Hi,
I’m now investigating an issue with the Elasticsearch loader and happy if I could have advice from you folks.
We have set up Snowplow using Terraform. We are receiving some bad rows with “schema_violations” errors but cannot find those data in Elasticsearch. Bad rows for “adapter_failures” are available on Elasticsearch so I’m sure Enrich Server and Elasticsearch are connected.
We are loading bad rows also into the S3 and we can find bad rows with “schema_violations” in the data on S3.
Our setup is as follows:
Collector - Kinesis - Enrich - Kinesis for Good - ES Loader - ES
- S3 Loader - S3
Collector - Kinesis - Enrich - Kinesis for Bad - ES Loader - ES
- S3 Loader - S3
And our terraform config the Enrich is as follows:
module "es_loader_for_enricher_output_bad_stream_staging" {
source = "snowplow-devops/elasticsearch-loader-kinesis-ec2/aws"
version = "0.1.1"
name = "snowplow-es-loader-for-enricher-output-bad-stream-staging"

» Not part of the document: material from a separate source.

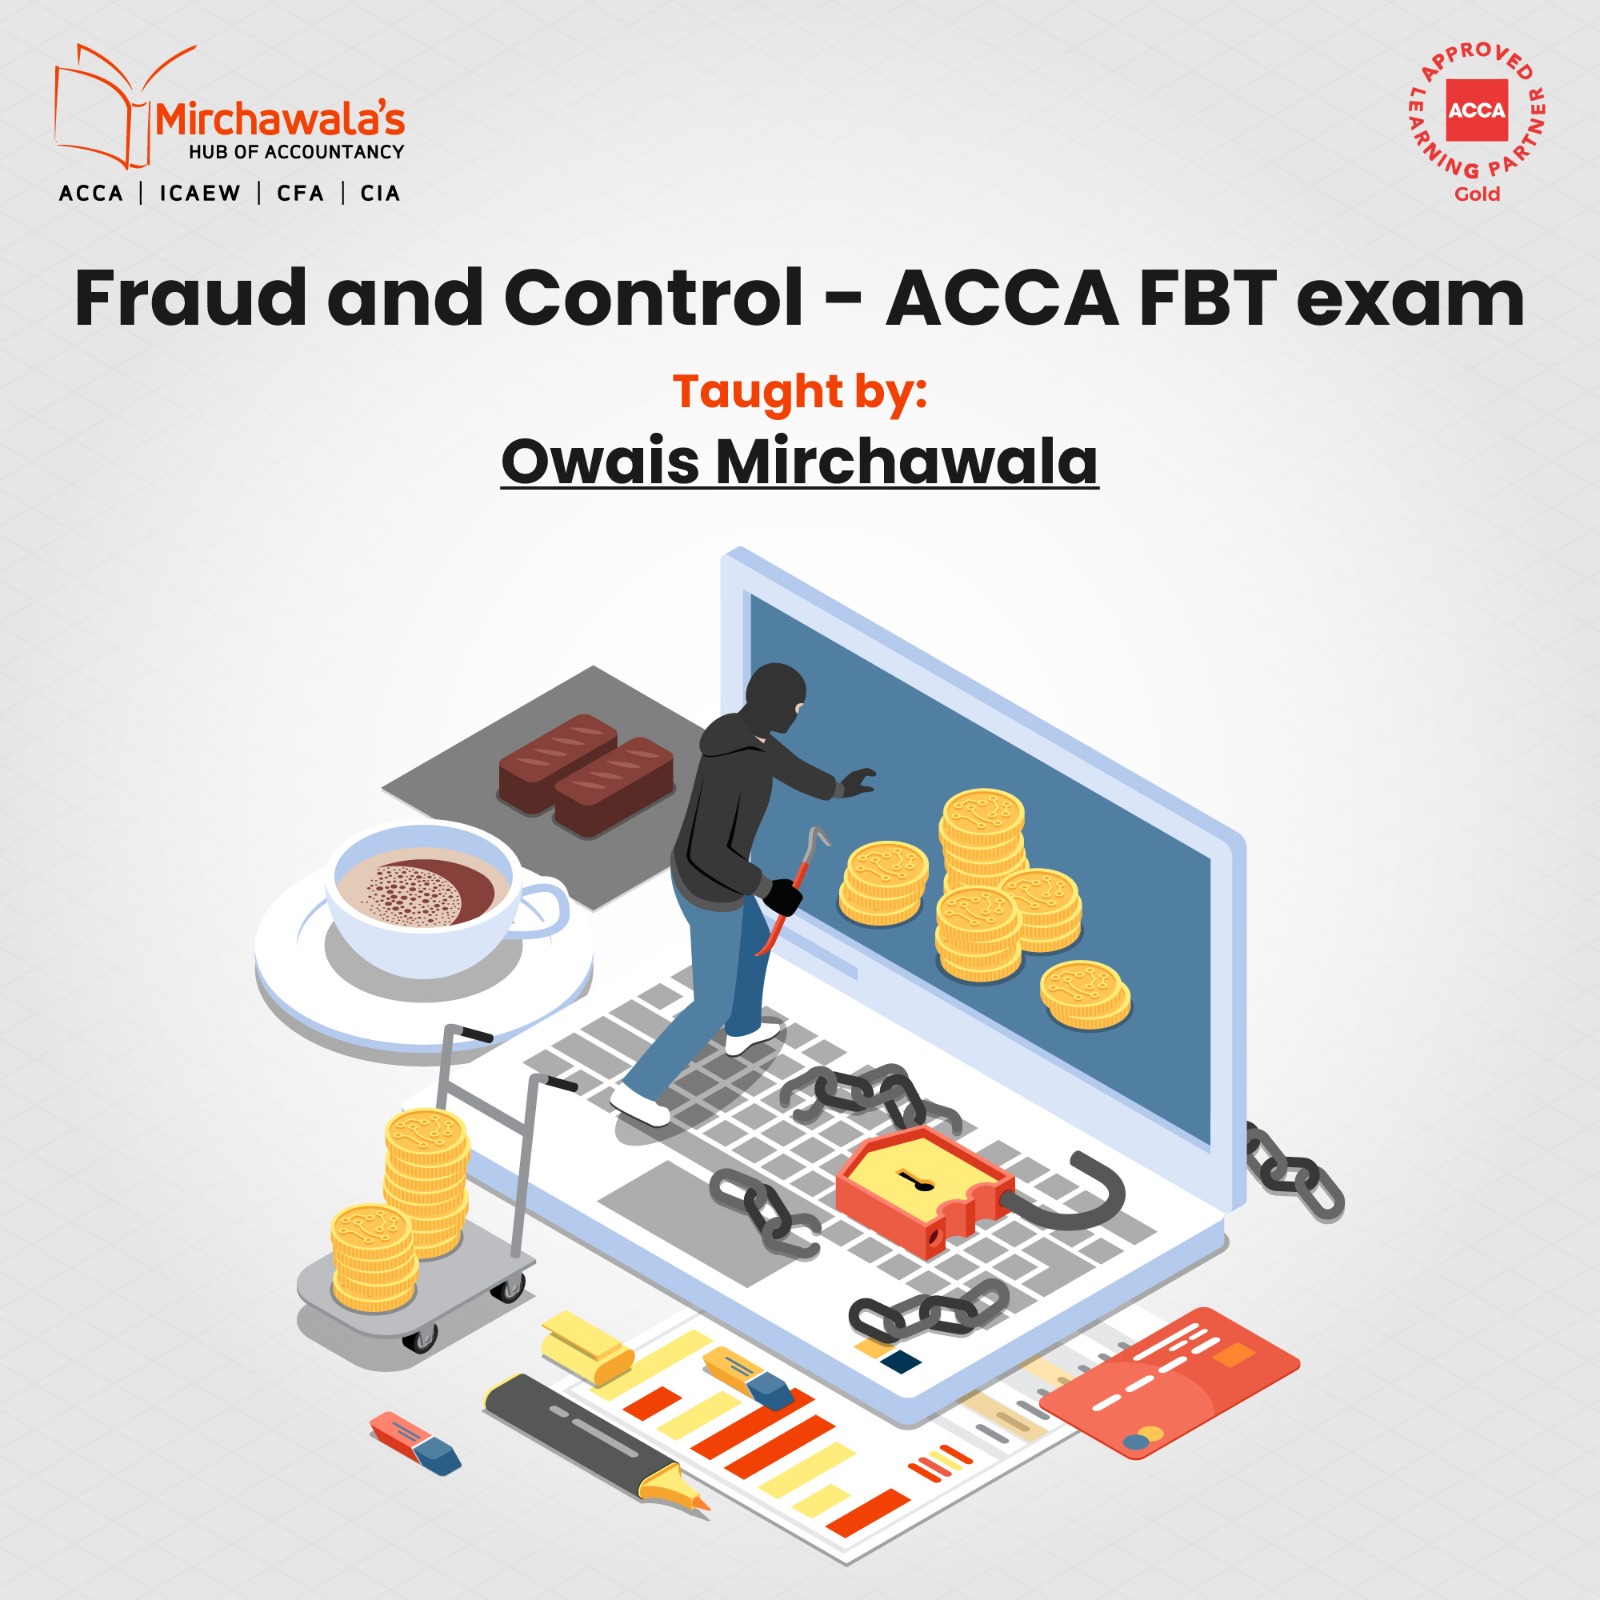 Fraud And Controls in the Business – Different Types of Frauds and How to Prevent Them in ACCA FBT

vpc_id = local.snowplow_conf_staging.vpc_id
subnet_ids = local.snowplow_conf_staging_subnets.private_subnet_ids
ssh_key_name = local.snowplow_conf_staging.ssh_key_name
in_stream_type = "bad"
in_stream_name = module.enricher_output_bad_stream_staging.name
bad_stream_name = module.es_loader_shared_output_bad_stream_staging.name
es_cluster_endpoint = aws_elasticsearch_domain.snowplow_elasticsearch_staging.endpoint
es_cluster_port = 443
es_cluster_name = aws_elasticsearch_domain.snowplow_elasticsearch_staging.domain_name
es_cluster_index = "snowplow-bad-enriched-index"
es_cluster_document_type = "bad"
aws_es_domain_name = aws_elasticsearch_domain.snowplow_elasticsearch_staging.domain_name
telemetry_enabled = false
}
And on S3 we can find bad raw data as follows:
{"schema":"iglu:com.snowplowanalytics.snowplow.badrows/schema_violations/jsonschema/2-0-0","data":{"processor":{"artifact":"streamCommon","version":"2.0.5"},"failure":{"timestamp":"2022-03-02T11:12:29.542037Z","messages":[{"schemaKey":"iglu:com.snowplowanalytics.snowplow/link_click/jsonschema/1-0-1","error":{"error":"ValidationError","dataReports":[{"message":"$.targetUrl: is missing but it is required","path":"$","keyword":"required","targets":["targetUrl"]}]}}]},"payload": ...TRUNCATED
Have check CW logs for ES loader but coulnd’t identify helpful output.